Dude for the first 15s I thought this is porn
its the sauna
How I hate that saunas are associated with porn and sex. It’s not supposed to be sexual and more importantly it’s an awful, just terrible place to have sex
That’s absurd coming from the founder of a FOSS messaging app who actively decided not to let Signal federate and rejected any other open source Signal client. Not only that, even now you can’t truly use Signal’s new “username” feature. If any of the recipients have your number stored in their phonebook, irrespective of whether you know them or not, the username goes for a toss. This was/is the problem with Telegram’s username feature. Signal knew this and still decided to go ahead with it. Not to mention never doing anything about completely removing the phone number from the account after its creation. This has been, by design, a privacy and hence safety threat, and even after the username feature was implemented, this not getting implemented is very concerning.
I’m sorry your free messaging app isn’t perfect. /s
And I always assumed that nicknames was just as much to prevent screenshots from becoming a liability.
you can’t truly use Signal’s new “username” feature. If any of the recipients have your number stored in their phonebook, irrespective of whether you know them or not, the username goes for a toss.
Hm. I haven’t interacted with a new Signal user in a while… but I do see in settings two knobs: “who can see my phone number” and “who can find me with my phone number”. Both of these settings can be set to “nobody”.
I’m guessing if I set “who can find me with my phone number” to “nobody”, then even if someone has my phone number in their contacts, they wouldn’t know I’m a Signal user?
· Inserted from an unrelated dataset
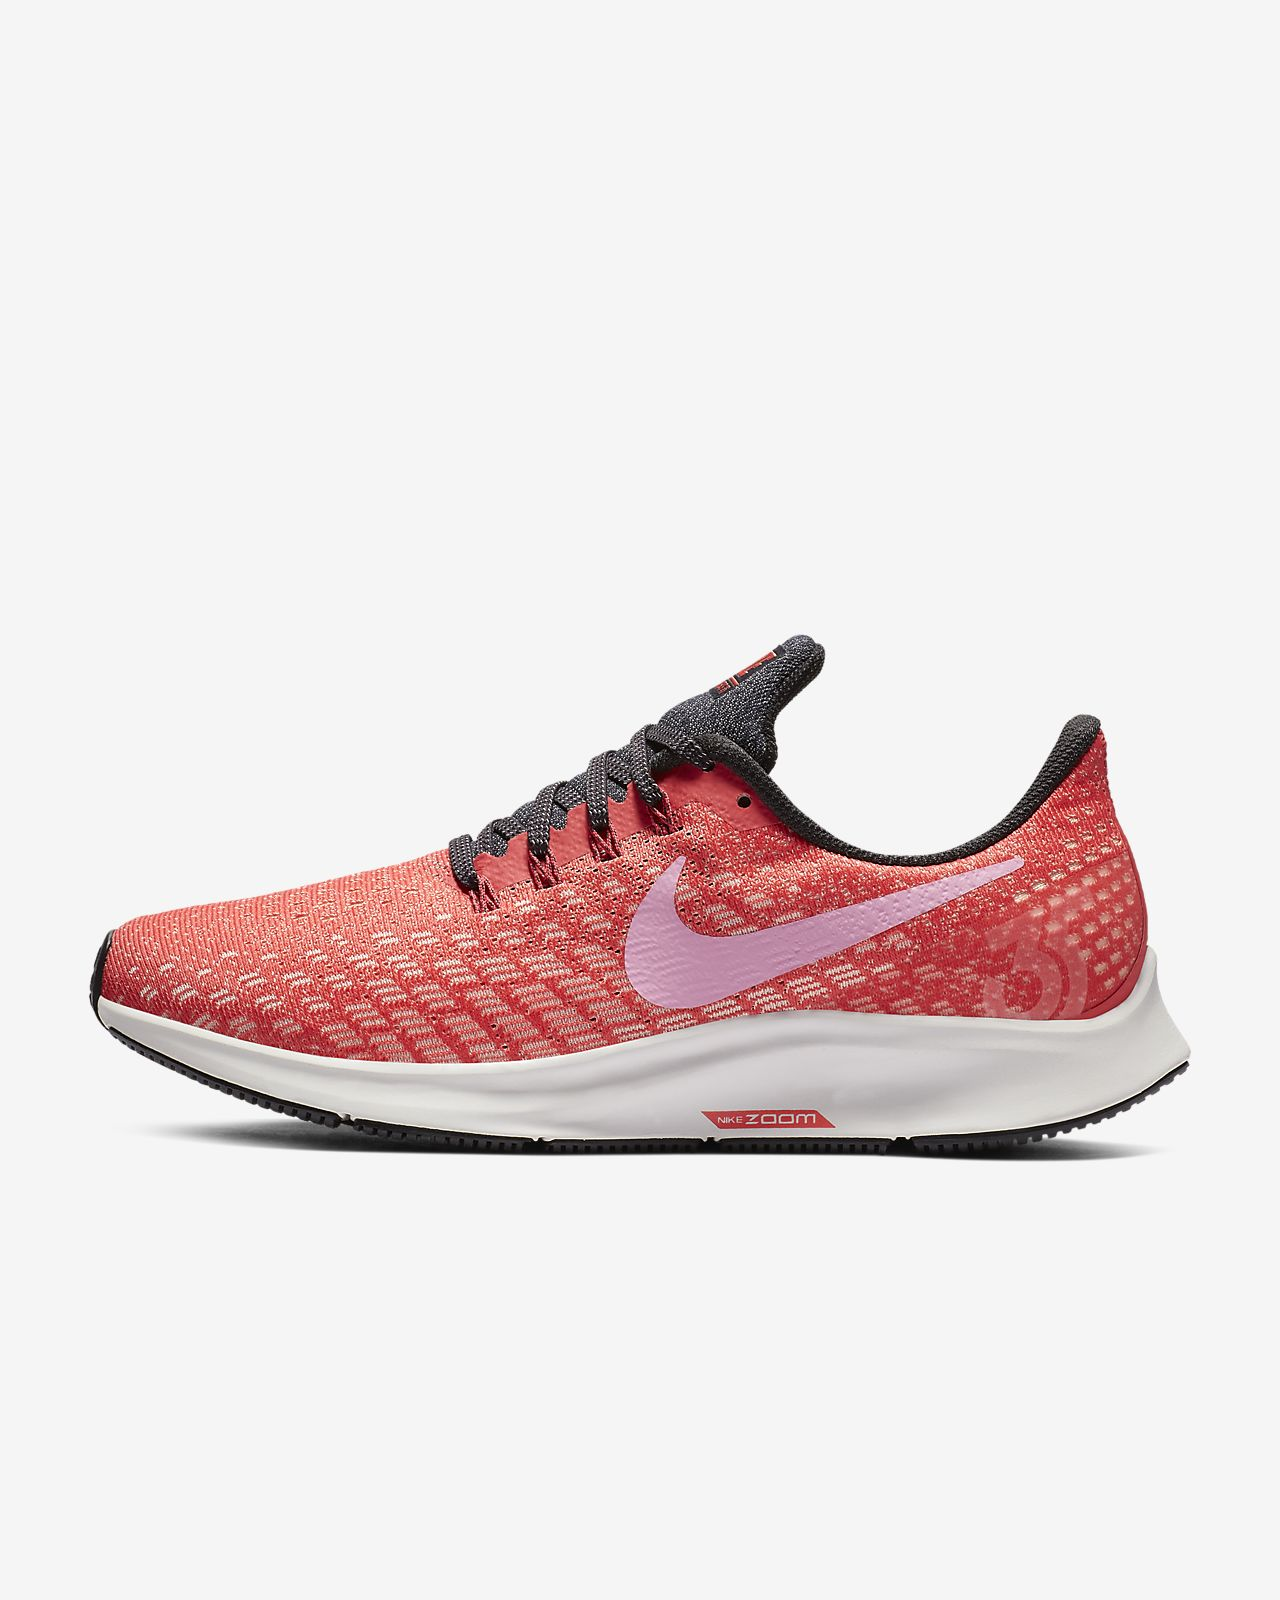 ae0eee3fd7b Nike Air Zoom Pegasus 35 Zapatillas de running - Mujer. Nike.com ES

Don’t forget not allowing you to sync historical messages between your phone and PC. Apparently somehow that’s just too complicated.
Its not about being complicated, its about dumping the whole chat history with just a few seconds of physical acceas to the device.
LEA has used this method with messangers like Whatsapp for years to quicly exfiltrade the data from a victims phone to other software.
There’s a pin. Just require the pin.
The Pin is not designed and used for such an authentication. Also can be changed at any time:
How do I manage or change my PIN?
On your phone, go to Signal Settings > Account > Change your PIN
What are you talking about?
I literally installed Signal on my Linux laptop yesterday and it automatically downloaded all my messages from my phone.
Last time I did that, it would only sync new messages
they definately installed signal and fucked afterward
Unlike Signal, Telegram is successful in getting people to move away from Meta’s Whatsapp.
What is a Moxie Marlinspike?
Signal is also not private
The onus is on you to back up that claim
Look for other comments in this thread that back up this well-known fact.